Sync Downloading: 0/0
Sync Uploading: 0/201
Sync Uploading: 201/201

We've found that when this initial sync runs, only a chunk (I can't remember why I assumed it was 10MB) is uploaded - rather than all of the offline data. This meant that we had to restart the process a few times before all data was pushed up to AppSync, hence the reason we are looking for a 'force-sync' solution.

muddy-alex avatar Mar 22 '24 11:03 muddy-alex

@muddy-alex I believe the documentation is correct. Forcing sync in that context is forcing connecting to the server, but the behavior is as I described it.

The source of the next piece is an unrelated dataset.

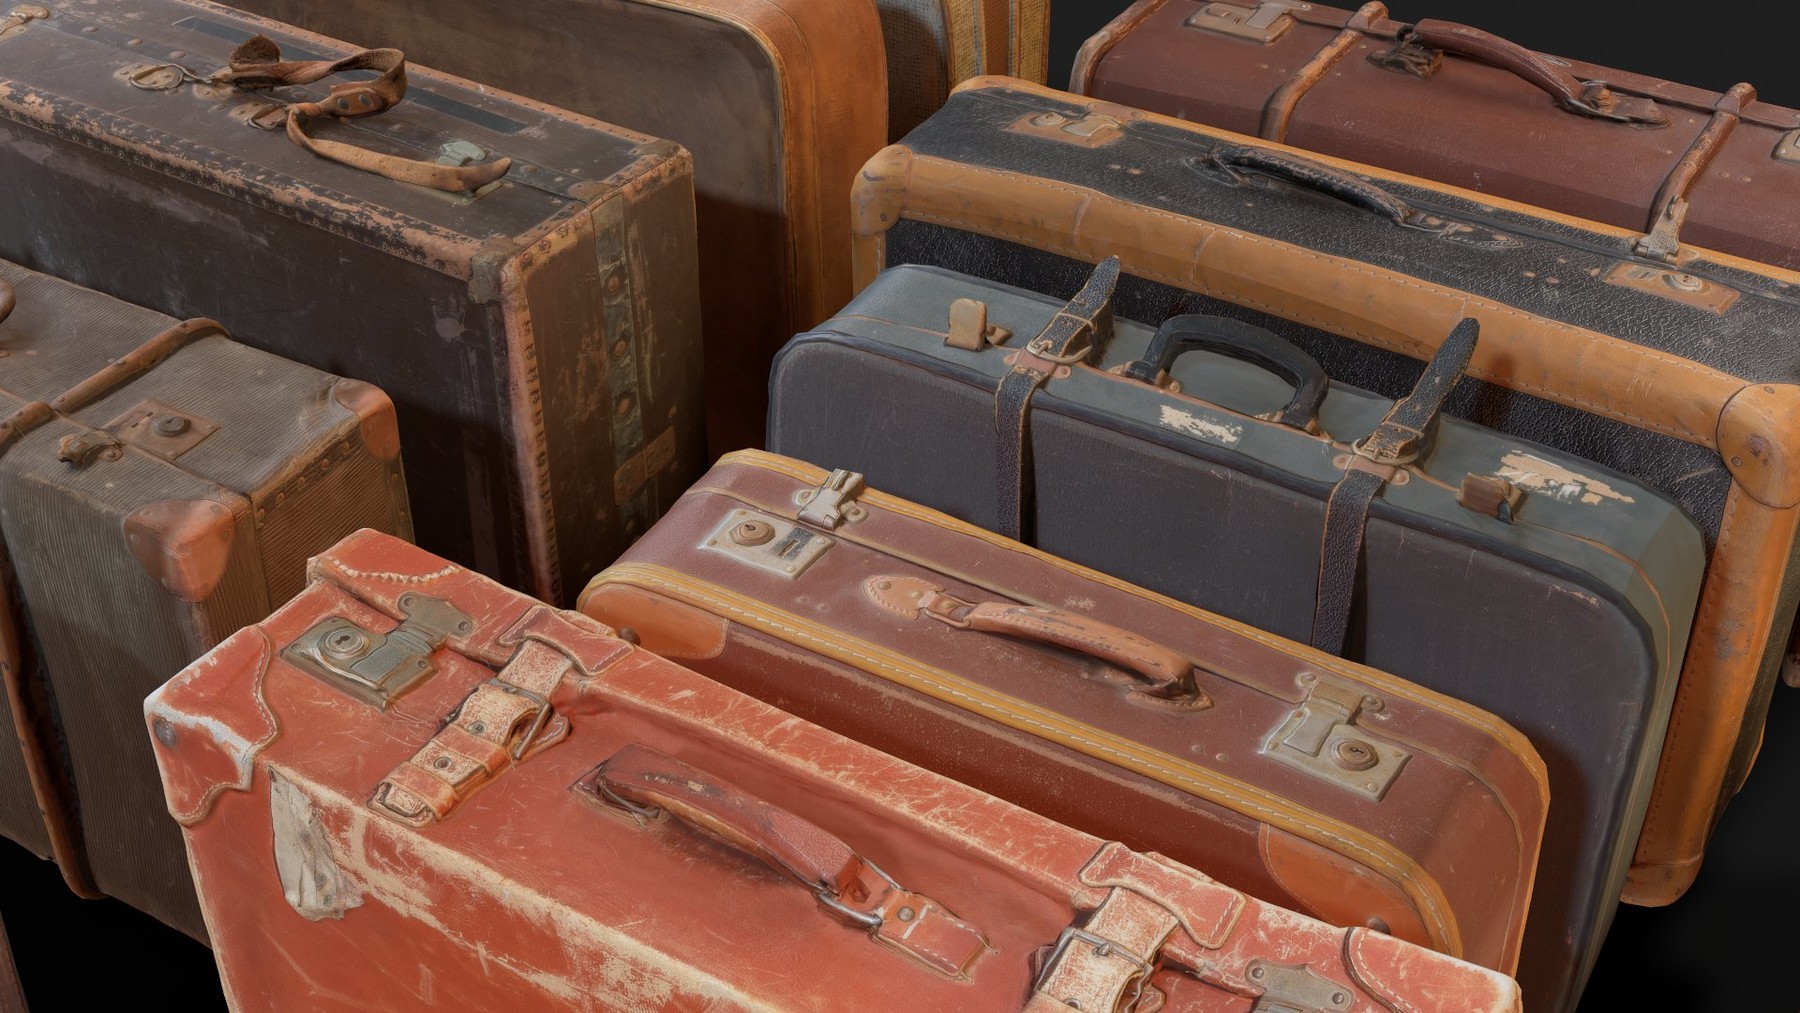 Vintage suitcase, artists supplies suitcase, portable art studio.

I wrote a similar test and I see no issues with it. I cannot see where class Point is declared in your example. The one you have there looks like a schema. Maybe @kneth can have a look.

danieltabacaru avatar Mar 22 '24 11:03 danieltabacaru

Is there any code following the resume? Maybe something is not cleaned-up properly. You can try to wait for upload completion.

danieltabacaru avatar Mar 22 '24 11:03 danieltabacaru

@danieltabacaru Nothing follows the resume(). As soon as its called we get the SIGSEGV

muddy-alex avatar Mar 22 '24 12:03 muddy-alex

@muddy-alex You are mixing class-based models (Log) and JS schemas (Point), and I wonder if it has a negative impact. I mean, our tests are either-or, so you might be in the land of undefined behavior.

kneth avatar Apr 03 '24 17:04 kneth

I couldn't find a documented way of using Embedded objects with the Class syntax. Updating the above example to just use JS schemas still results in the SIGSEGV.

muddy-alex avatar Apr 04 '24 13:04 muddy-alex

@muddy-alex Thank you to getting back. I'll bring up the issue at the next team meeting.

kneth avatar Apr 05 '24 12:04 kneth